Смотря на все окружавшее ее, он чувствовал, что он любить ее не мог. Без нее ему было грустна, при ней — досадно. Бывало, он заглядывался на ее темные очи, отуманенные густыми ресницами, и на крыльях воображения переносил ее в дивный мир фантазии, где все гармония, и поэзия, и счастие. И вдруг грустное напоминание жизни разрушало его мечты. Офен-гриц на столе, заплатка на платье, употребление щипцов над сальной свечкой, сожаление о дороговизне капусты обдавали его морозом. Каждый вечер он решительно намеревался не посещать более профессора, а на другой день он снова был уже у соседей, пил рейнвейн, курил сигары и играл с Шарлоттой сонаты в четыре руки.
Прошло несколько месяцев. По ученому городку, по примеру прочих грешных городков, пошли сплетни и провозгласили, с дополнениями и комментариями, молодого барона женихом. Узнав о том, как водится, последний, он, как добрый малый и честный человек, душевно огорчился. Женитьба казалась ему далекою пристанью после долгого странствования, а он снаряжался еще только в путь. Несмотря на то, мысль, что другой может жениться на Шарлотте, была ему неприятна до чрезвычайности; но надо ему отдать справедливость: он поборол самого себя, быть может, оттого, что был еще молод и пылок для всего хорошего, что, к сожалению, изменяется с возрастом. Он вдруг прекратил свои посещения и для развлечения бросился в полное раздолье студентской жизни.

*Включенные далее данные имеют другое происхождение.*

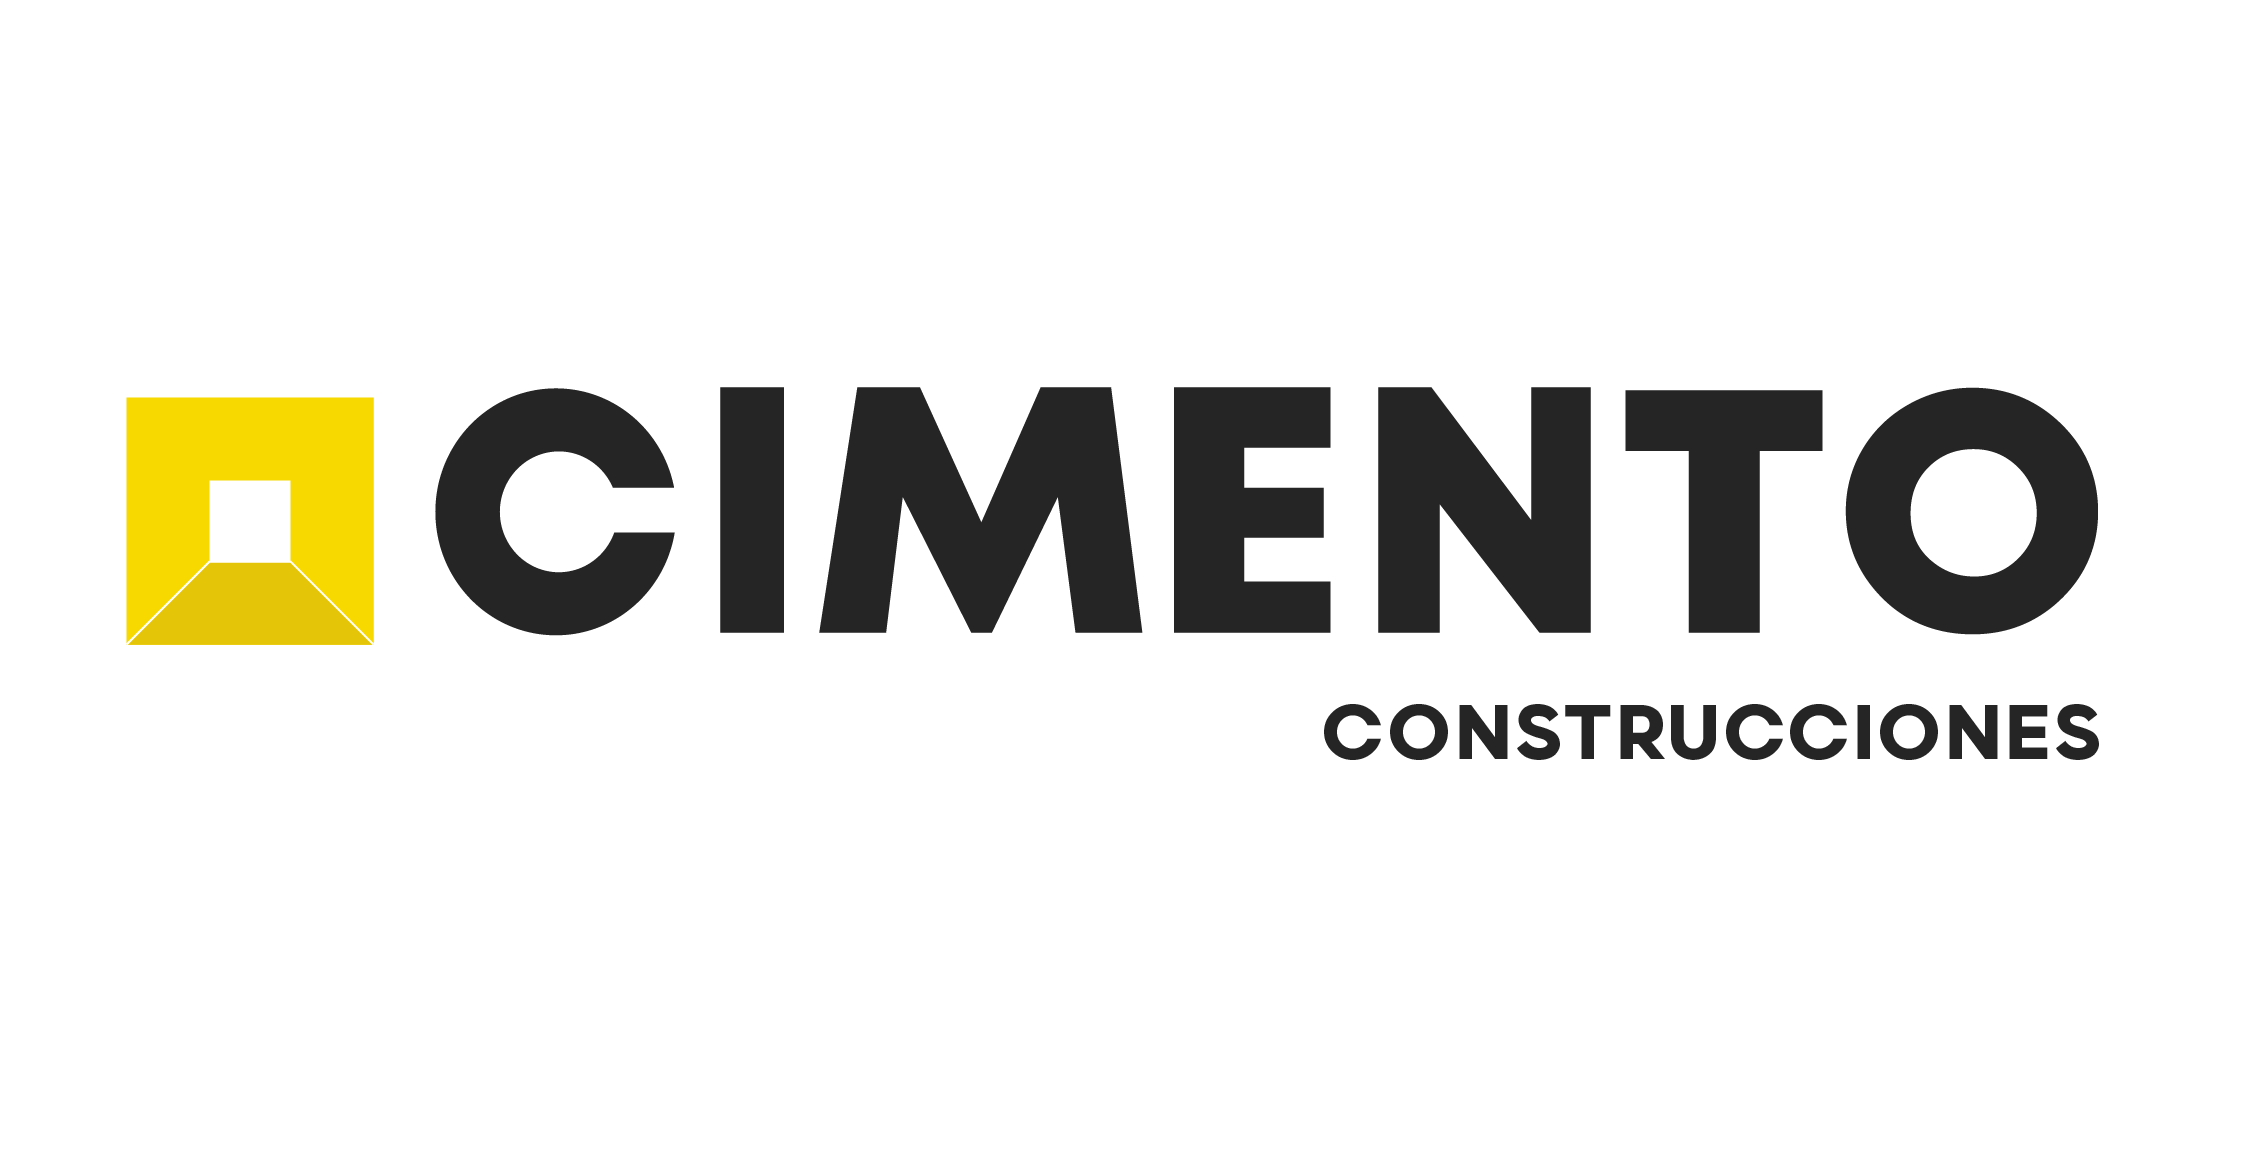 equipamos_cimento

А студентская жизнь, друзья мои, эта вечно кипящая чаша, кого не рассеет и не утолит? Закутил молодой барон. Пригнул шапку набок, вооружился дубиной и пошел по комершам[43] и по фехтбоденам под руку с самыми отчаянными буршами. Вскоре имя его, дотоле почти неизвестное, загремело на всех перекрестках; молодые фуксы стали глядеть на него с почтением, а городские девушки с явным любопытством. Но как он ни желал влюбиться и как ни легко это в его лета, он никак не мог совестливо исполнить своего желания. Та была хороша, да дочь булочника, другая казалась всем привлекательна, да он заметил однажды, что руки ее были недостаточно вымыты; одна была мала слишком, другая слишком велика; одна недовольно черноволоса, другая слишком белокура, словом, проходя по всей шеренге местных красавиц, душа его останавливалась с нежностью только на дочери профессора, но и ту, как мы видели, он мог любить только урывками, оскорбляясь ежеминутно жестокими столкновениями в шероховатостями прозаической жизни.
Что же происходило тогда в сердце молодой девушки? К чему это отгадывать? Она все жила по-прежнему тихо и однообразно, только тщательнее отворачивалась от барона, когда встречала его на улице, и дольше стала засиживаться по вечерам, оставаясь одна в своей комнатке. Барону казалось при редких ее встречах, что она на него сердится, и это было ему досадно.
«С какого права?» — думал он. Однако ему, вероятно, было бы еще досаднее, если 6 она не сердилась на него вовсе. Жизнь его катилась в шумном забытьи. Поутру он слушал рассеянно какую-нибудь лекцию, потом отправлялся на фехтбоден заниматься, по выражению Языкова, головоломным искусством, потом веселая ватага отправлялась обыкновенно на штулвагенах за город с вином и песнями и ликовала всю ночь с буйными восклицаниями.
Однажды университет праздновал день своего основания. Студенты с бутылками, привешенными к пуговицам сюртуков, отправились по партиям к загородным корчмам. Барон, нарядившись также ходячим погребом, к явному удовольствию своих товарищей, вмешался в буйную толпу и не возвращался целый день. Напрасно дочь профессора украдкой поглядывала из-за занавески, ожидая с трепетом, что бедного ее соседа приведут под руки на квартиру. Наступил вечер. Все окна мигом иллюминовались в честь торжества, под опасением неумолимого разбития. По всем направлениям города начали раздаваться веселые хоры, которые подвигались с факелами к зданию академии и провозглашали ей громогласный vivat.
Все городские обыватели стояли у ворот своих домов и с любопытством посматривали на буйную веселость академических именин. Крик, топот, песни не умолкали ни на минуту. К дому профессора прихлынула ватага полупьяных буршей.
— А знаете, — сказал хриплый голос, — он, старый хрыч… был неучтив вчера в коллегии. Право, неучтив.
Право, ну… я шаркать начал… моя воля… Не правда ль, моя воля?.. Так. А он вдруг говорит, старый хрыч, чтоб я не мешал. Мешаю будто другим слушать. Ведь это грубость?
— Грубость, — сказали несколько голосов.